Remix.run Logo
CivBase 4 hours ago

> Programming with AI is like tutoring a child. You teach the child, tell it where it made mistakes and you keep iterating and monitoring the child until it makes what you want.

Who are you people who spend so much time writing code that this is a significant productivity boost?

I'm imagining doing this with an actual child and how long it would take for me to get a real return on investment at my job. Nevermind that the limited amount of time I get to spend writing code is probably the highlight of my job and I'd be effectively replacing that with more code reviews.

dimitri-vs 4 hours ago | parent | next [-]

A better way to put it is with this example: I put my symptoms into ChatGPT and it gives some generic info with a massive "not-medical-advice" boilerplate and refuses to give specific recommendations. My wife (an NP) puts in anonymous medical questions and gets highly specific med terminology heavy guidance.

That's all to say the learning curve with LLMs is how to say things a specific way to reliability get an outcome.

threethirtytwo 3 hours ago | parent | prev | next [-]

it's not just writing code.

And maybe child is too simplistic of an analogy. It's more like working with a savant.

The type of thing you can tell AI to do is like this: You tell it to code a website... it does it, but you don't like the pattern.

Say, "use functional programming", "use camel-case" don't use this pattern, don't use that. And then it does it. You can leave it in the agent file and those instructions become burned into it forever.

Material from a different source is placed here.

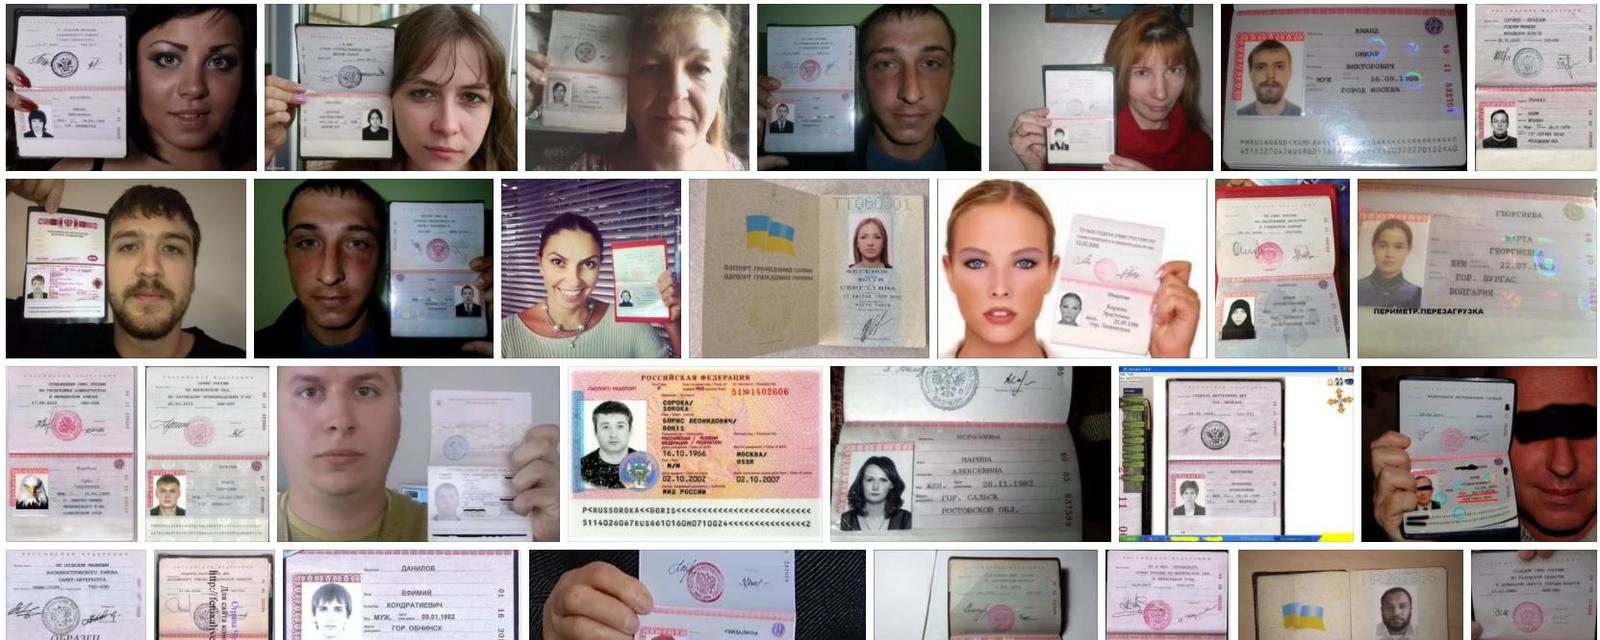 Фотография С Паспортом В Руках Для Верификации

boredtofears an hour ago | parent | prev | next [-]

Here's an example:

I recently inherited an over decade old web project full of EOL'd libraries and OS packages that desperately needed to be modernized.

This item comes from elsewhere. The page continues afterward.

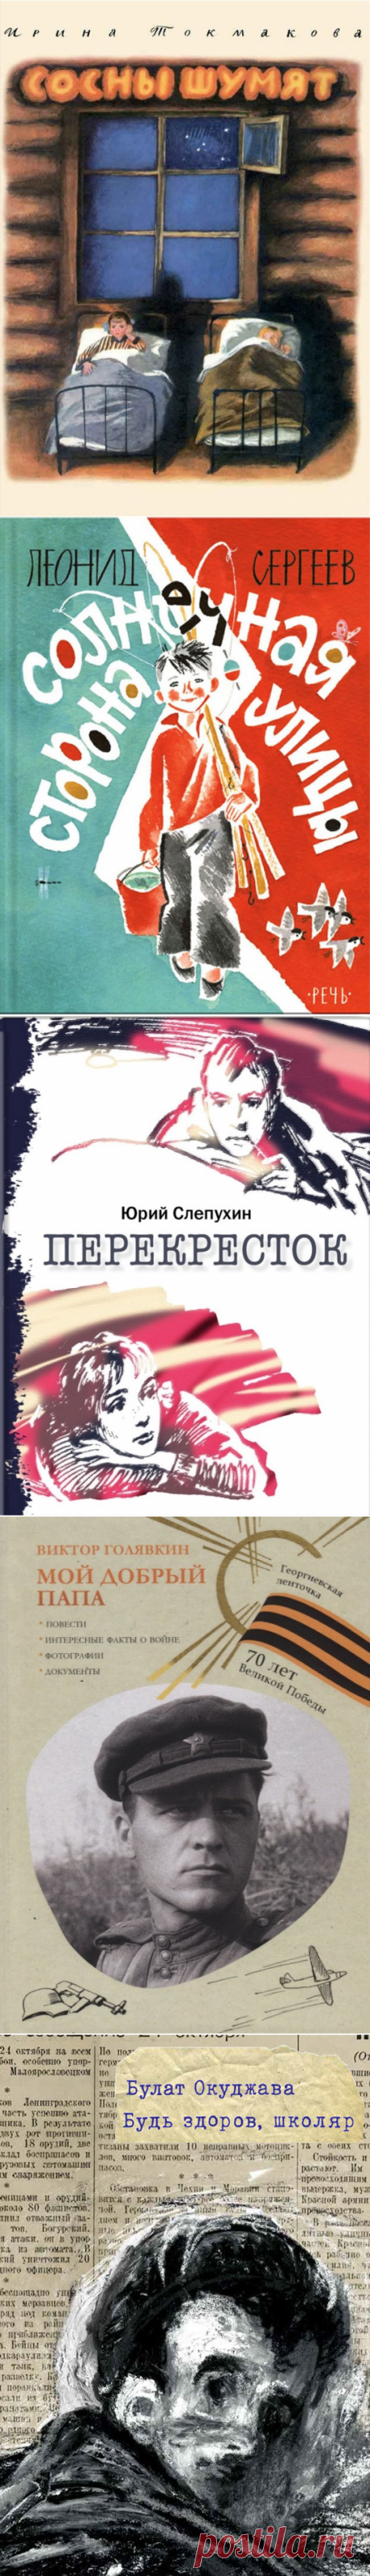 rgdb.ru - 12 книг о Великой Отечественной войне для детей и подростков

Within 3 hours I had a working test suite with 80% code coverage on core business functionality (~300 tests). Now - maybe the tests aren't the best designs given there is no way I could review that many tests in 3 hours, but I know empirically that they cover a majority of the code of the core logic. We can now incrementally upgrade the project and have at least some kind of basic check along the way.

There's no way I could have pieced together as large of a working test suite using tech of that era in even double that time.

draebek an hour ago | parent [-]

You know they cause a majority of the code of the core logic to execute, right? Are you sure the tests actually check that those bits of logic are doing the right thing? I've had Claude et al. write me plenty of tests that exercise things and then explicitly swallow errors and pass.

boredtofears 11 minutes ago | parent [-]

Yes, the first hour or so was spent fidgeting with test creation. It started out doing it's usual whacky behavior like checking the existence of a method and calling that a "pass", creating a mock object that mocked the return result of the logic it was supposed to be testing, and (my favorite) copying the logic out of the code and putting it directly into the test. Lots of course correction, but once I had one well written test that I had fully proofed myself I just provided it that test as an example and it did a pretty good job following those patterns for the remainder. I still sniffed out all the output for LLM whackiness though. Using a code coverage tool also helps a lot.

shimman 4 hours ago | parent | prev [-]

These people are just the same charlatans and scammers you saw in the web3 sphere. Invoking Ryan Dahl as some sort of authority figure and not a tragic figure that sold his soul to VC companies is even more pathetic.

threethirtytwo 3 hours ago | parent [-]

Don't appreciate this comment. Calling me a charlatan is rude. He's not authority, but he has more credibility than you and most people on HN.

There is obvious division of ideas here. But calling one side stupid or referring to them as charlatans is outright wrong and biased.

shimman 3 hours ago | parent [-]

No one called YOU a charlatan, get thicker skin because you are going to run into more and more people that absolutely hate these tools.

There is a reason why they struggle selling them and executives are force feeding them to their workers.

Charlatan is the perfect term for those that stand to make money selling half baked goods and forcing more mass misery upon society.